Seller shall not assign, transfer, delegate or subcontract
its rights or obligations under this order without Buyer’s
prior written consent. Any other assignment is void.
- GOVERNING
LAW; JURISDICTION, VENUE. This
Order shall be governed by the laws of the State of Tennessee
(excluding rules on conflicts of laws) and the United States
of America.
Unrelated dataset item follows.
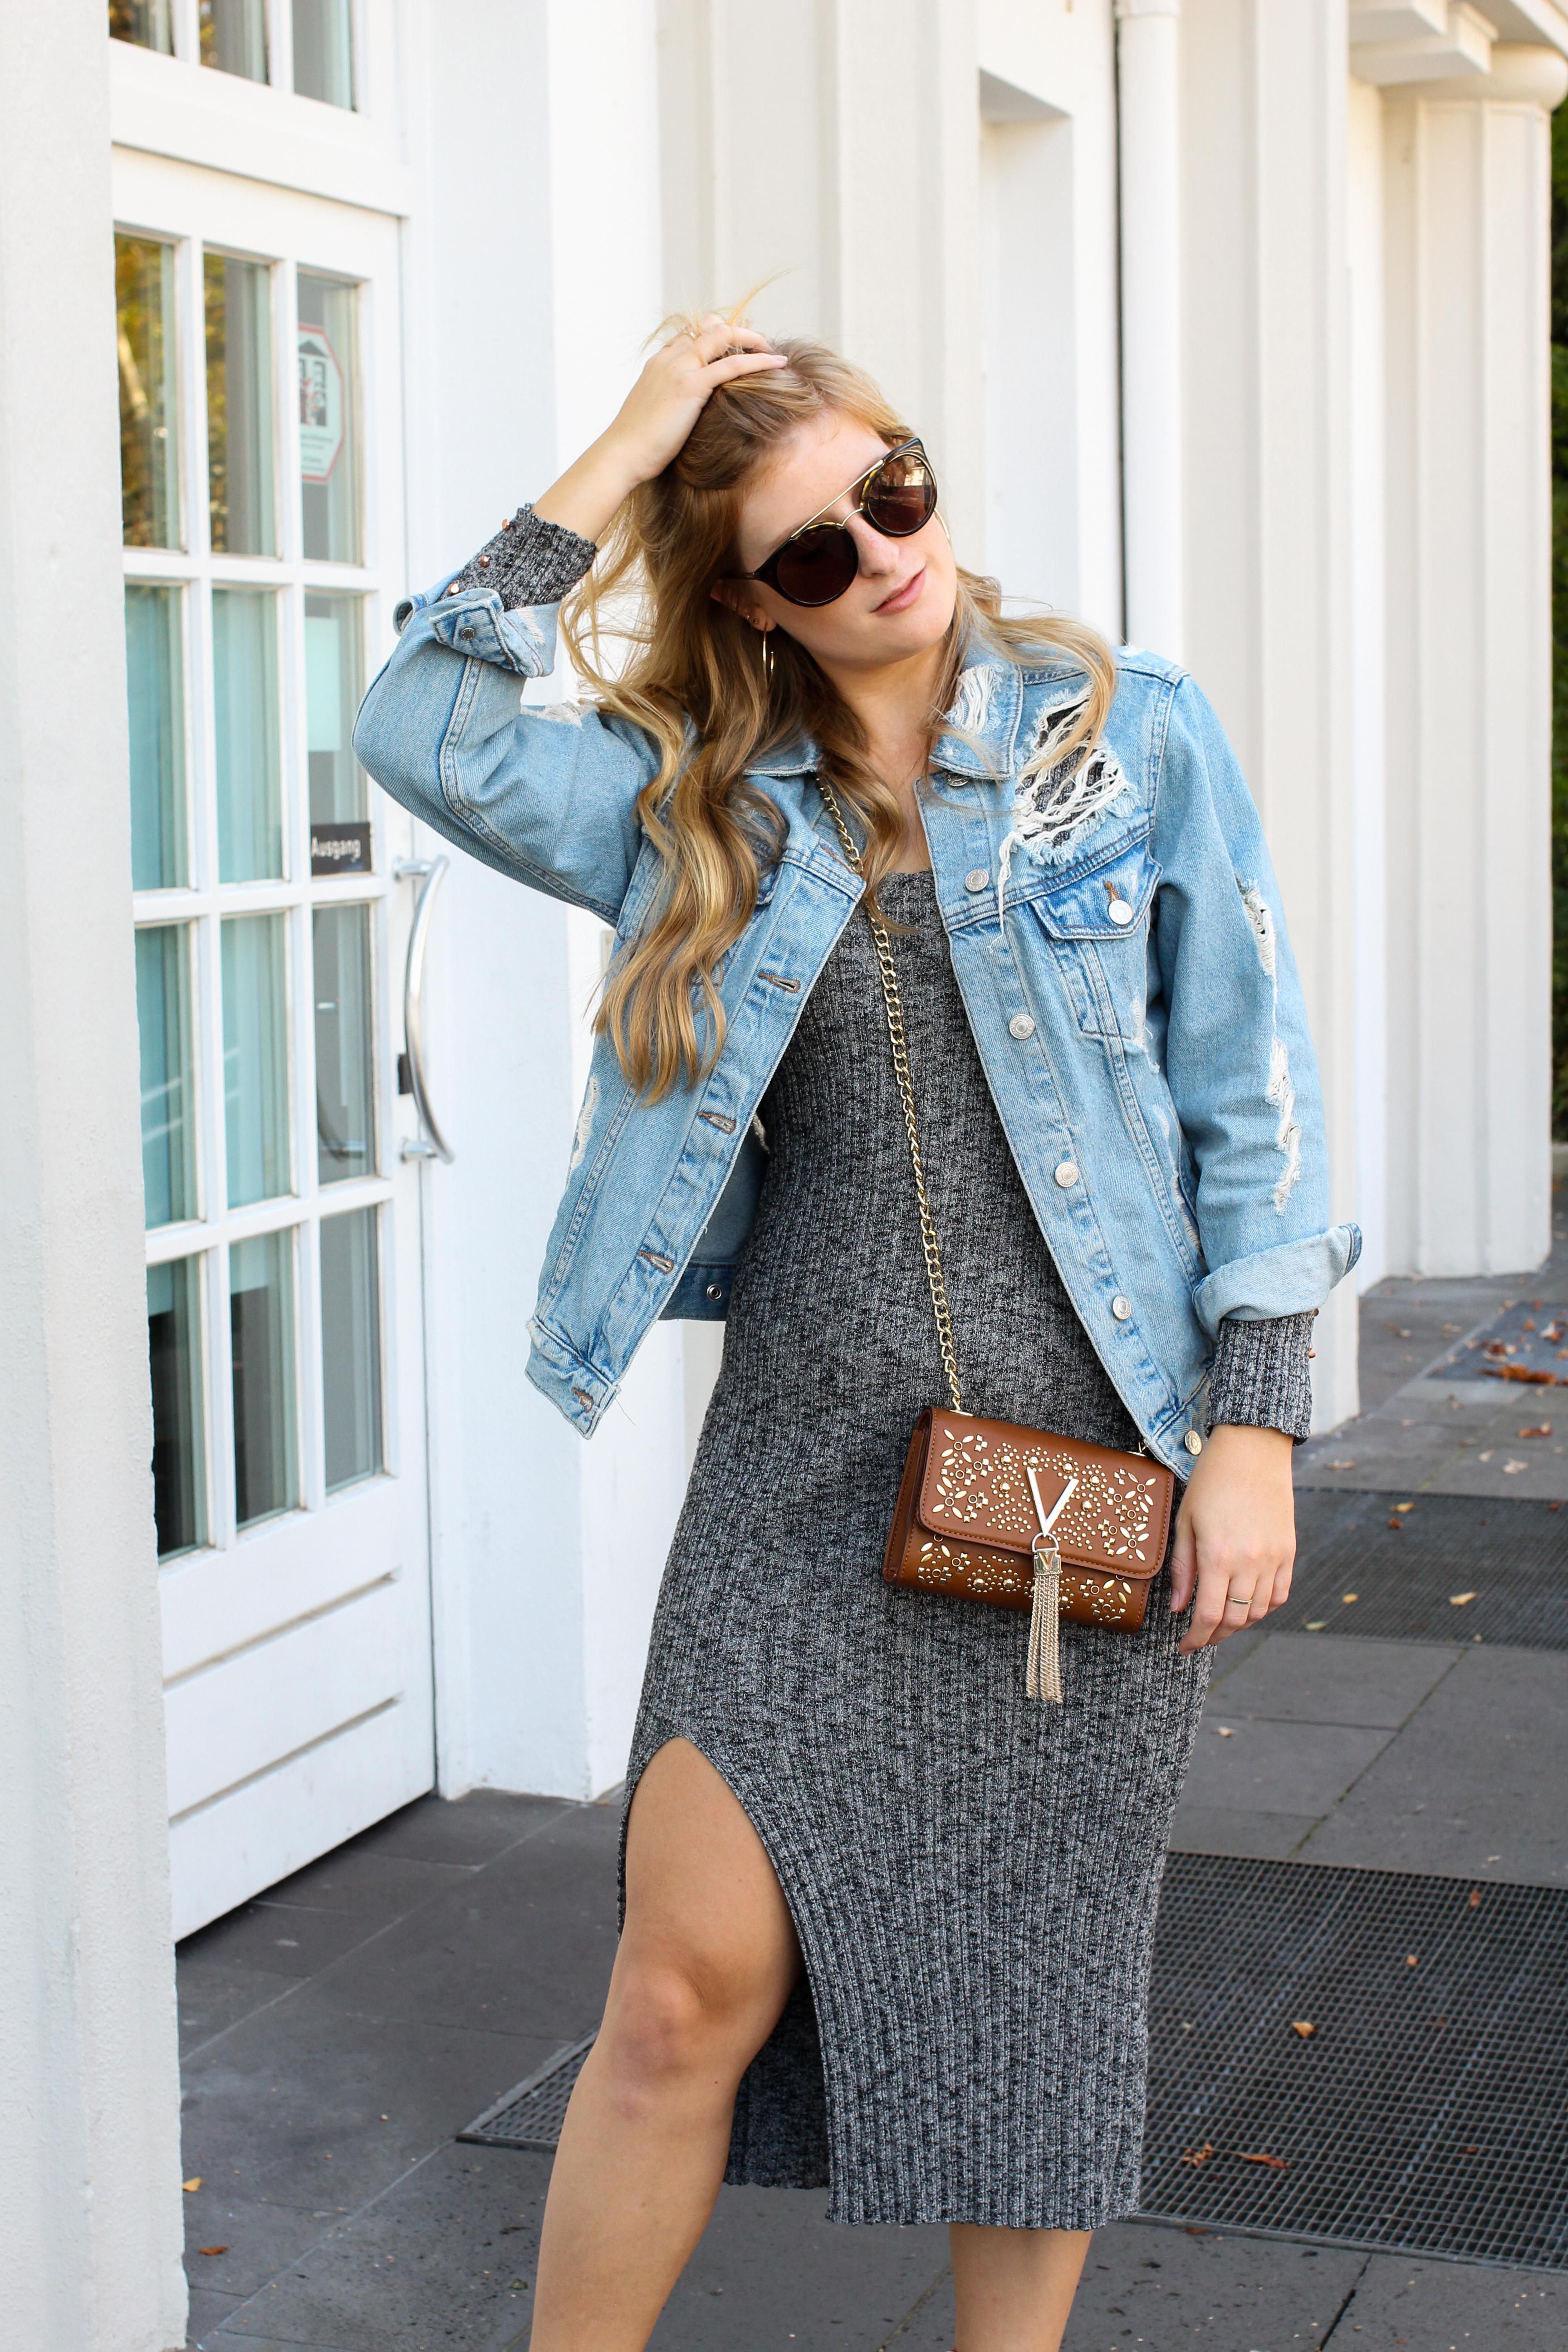 Herbstfavorit Wollkleid grau kombinieren Outfit rosa samt Heels Stiefeletten Jeansjacke Valentino Handbags Fashion Blog Bonn Herbstoutfit 8

Seller irrevocably consents to the exclusive
jurisdiction of the federal and state courts located in
Davidson County, Tennessee, for any action relating to this
Order or any relationship between the parties. Any action
or any other dispute between the parties must be filed and
heard only in a federal or state court sitting in Davidson
County, Tennessee, and Seller agrees not to contest or challenge
venue in any such courts. The Convention on the International
Sale of Goods does not apply.
- JURY WAIVER. Each
Party Hereby Knowingly, Willingly And Irrevocably Waives
Its Rights To Demand A Jury Trial In Any Action Or Proceeding
Involving This Agreement Or Any Relationship Between The
Parties.
- AMENDMENTS AND WAIVERS. Except
as provided herein, this order may not be modified, supplemented
or amended except in writing signed by the parties. None
of its provisions may be waived except in writing signed
by the party to be charged. No waivers shall be implied,
from any custom or course of dealing, any delay or failure
in the exercise party’s
rights and remedies hereunder or otherwise. Any waiver granted
by a party shall not obligate such party to grant any further,
similar, or other waivers.
- COMPLETE AGREEMENT. This
order, including these Terms and Conditions, constitutes the complete,
final and exclusive contract between Seller and Buyer with respect
to the Products and Services, and supersedes all prior and contemporaneous
understandings and agreements, written or oral (excluding confidentiality
agreements). Buyer objects to any Seller terms that are inconsistent
with the terms hereof. Any provisions of this order prohibited by
law shall be ineffective to the extent of such prohibition without
invalidating the remaining provisions.